The five steps described here constitute a governance architecture, not merely a to-do list. Their cumulative effect, if executed with fidelity to the community-generated principles, would be to shift the institutional locus of research security judgment from reactive, individual-level compliance decisions made under political pressure to proactive, field-level standards developed by those with the expertise to make them. The proposal asks something difficult of the scientific community: not merely to critique securitization as it has been practiced, but to take institutional responsibility for the alternative. 

That is a demanding ask. It is also the only path to a system that is simultaneously more secure and more open than the one currently in place.

Appendix: Proposed categories for discussion

This table classifies science and engineering fields into three tiers based on the National Academies’ recommended dimensions: nature of risk (i.e., type of harm), likelihood of risk (i.e., probability of diversion), and potential consequences (i.e., severity if realized). Fields are drawn from the National Science Board Table A-1 taxonomy, augmented by the Office of Science and Technology Policy Critical and Emerging Technologies List, Department of Defense Critical Technology Areas, and Nature Index data on China’s global leadership positions.

Classification criteria: A field is GREEN when all three risk dimensions are low. It shifts to YELLOW when at least one dimension is elevated. It reaches RED when two or more are high, or when consequences alone are catastrophic, regardless of likelihood.

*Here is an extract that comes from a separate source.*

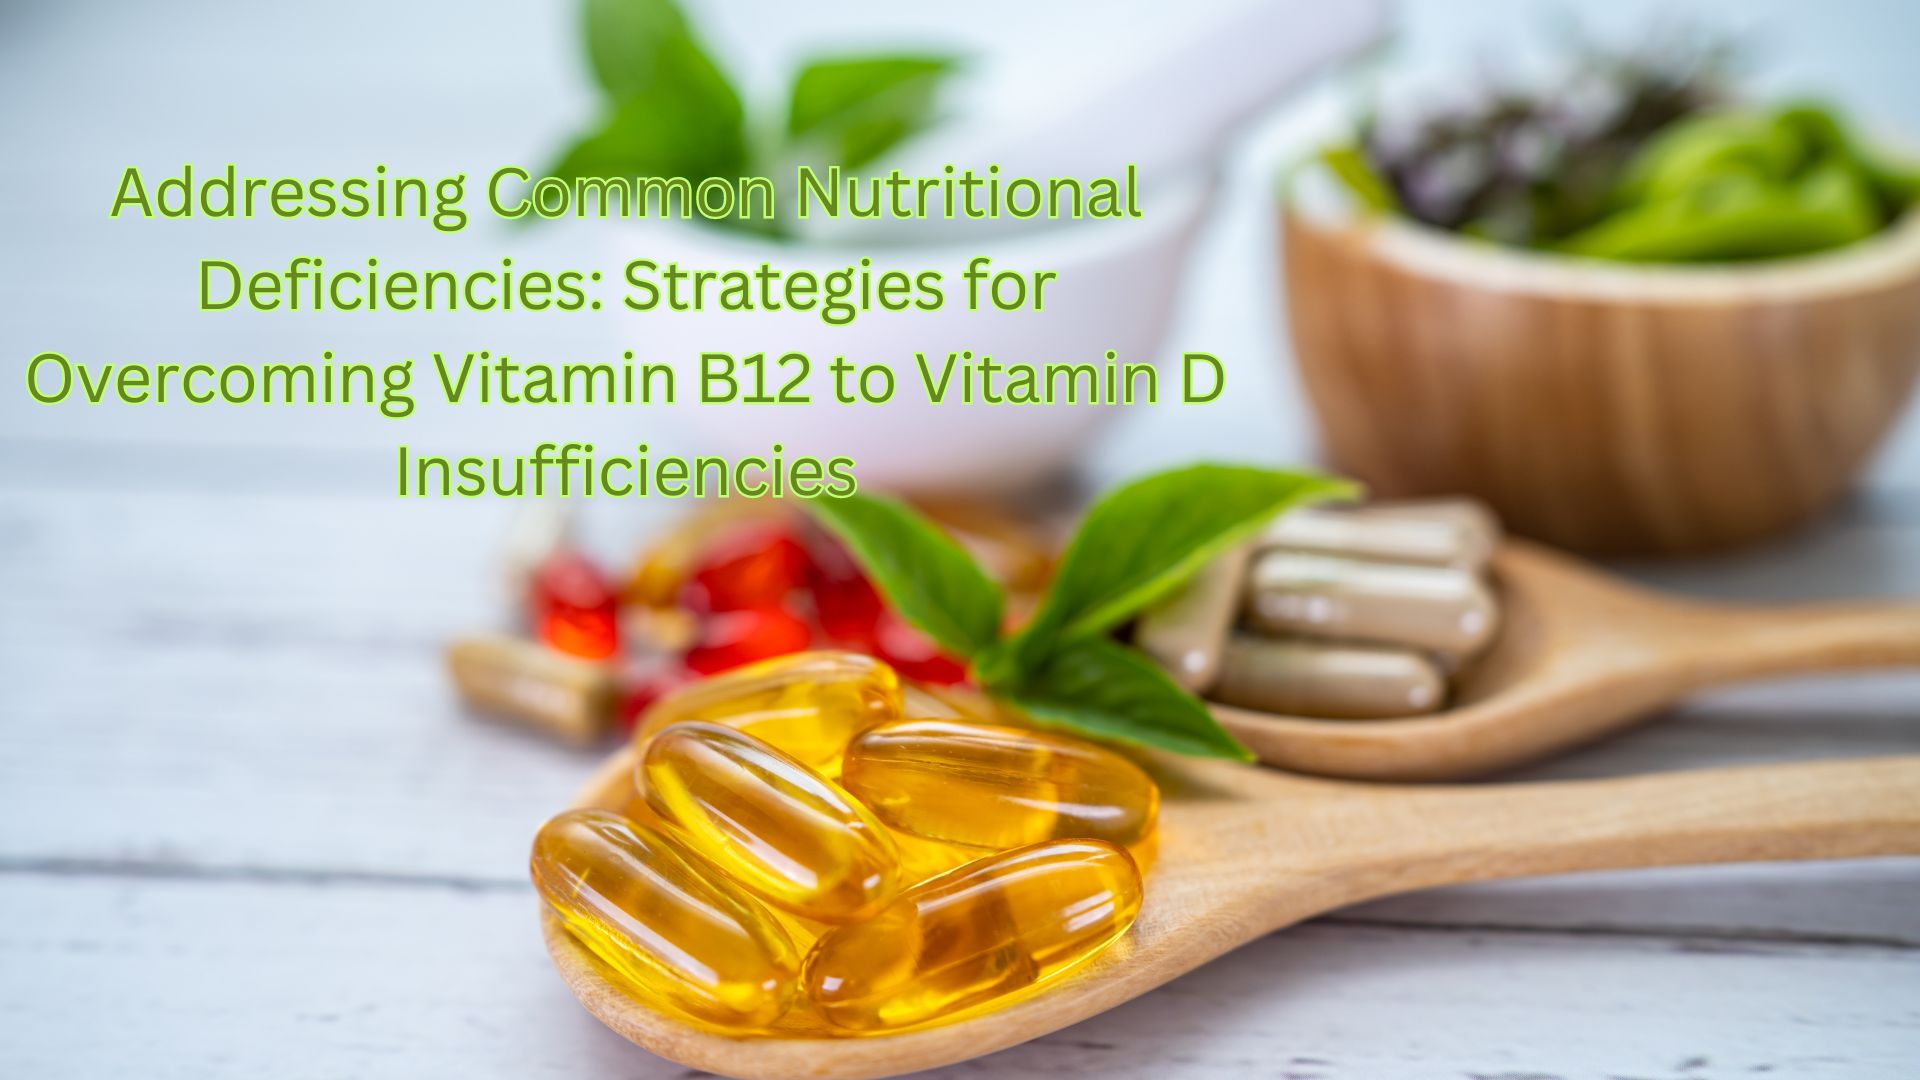 Addressing Common Nutritional Deficiencies: Strategies for Overcoming Vitamin B12 to Vitamin D Insufficiencies

Starred entries (*): Seven boundary fields are provisionally placed in the red tier pending further deliberation. These fields contain subfield heterogeneity — portions may warrant reclassification to yellow or green upon disaggregation and expert input. They are visually distinguished with lighter shading and detailed discussion notes. 

China engagement note: Fields where China is the acknowledged global leader (per Nature Index 2024) are flagged. Per the smart openness proposal, the US should actively engage with world leaders in these fields to access and absorb world-class knowledge, consistent with the tier classification.

Key to classifications

• Open: NSDD-189 applies fully. Unrestricted international collaboration. Professional societies may vet.
• Allied collaboration; registered: Unclassified but restricted to Five Eyes and select partners. Registered with the US Department of Commerce or designated body.
• Scrutiny recommended: Unclassified; requires case-by-case assessment of collaboration partner, application domain, and data sensitivity.
• National only; classified: Classified per NSDD-189 or restricted under export control (ITAR/EAR). No international collaboration outside cleared channels.
• Boundary — for discussion: Provisionally red. Contains subfield heterogeneity requiring disaggregation. Portions may be reclassified to Yellow or Green upon deliberation.

Policy reference key

• CET: Office of Science and Technology Policy Critical and Emerging Technologies List (February 2024), 18 categories.
• CTA: Department of Defense Critical Technology Areas (November 2025), six priorities.
• Nature Index: Nature Index 2024 Research Leaders; China’s global leadership in chemistry, physical sciences, earth & environmental sciences, applied sciences, and aggregate natural sciences.
• NSDD-189: National Security Decision Directive 189 (1985); fundamental research unrestricted; control mechanism is classification.
• CHIPS Act: CHIPS and Science Act (2022); semiconductor manufacturing and R&D investment with national security guardrails.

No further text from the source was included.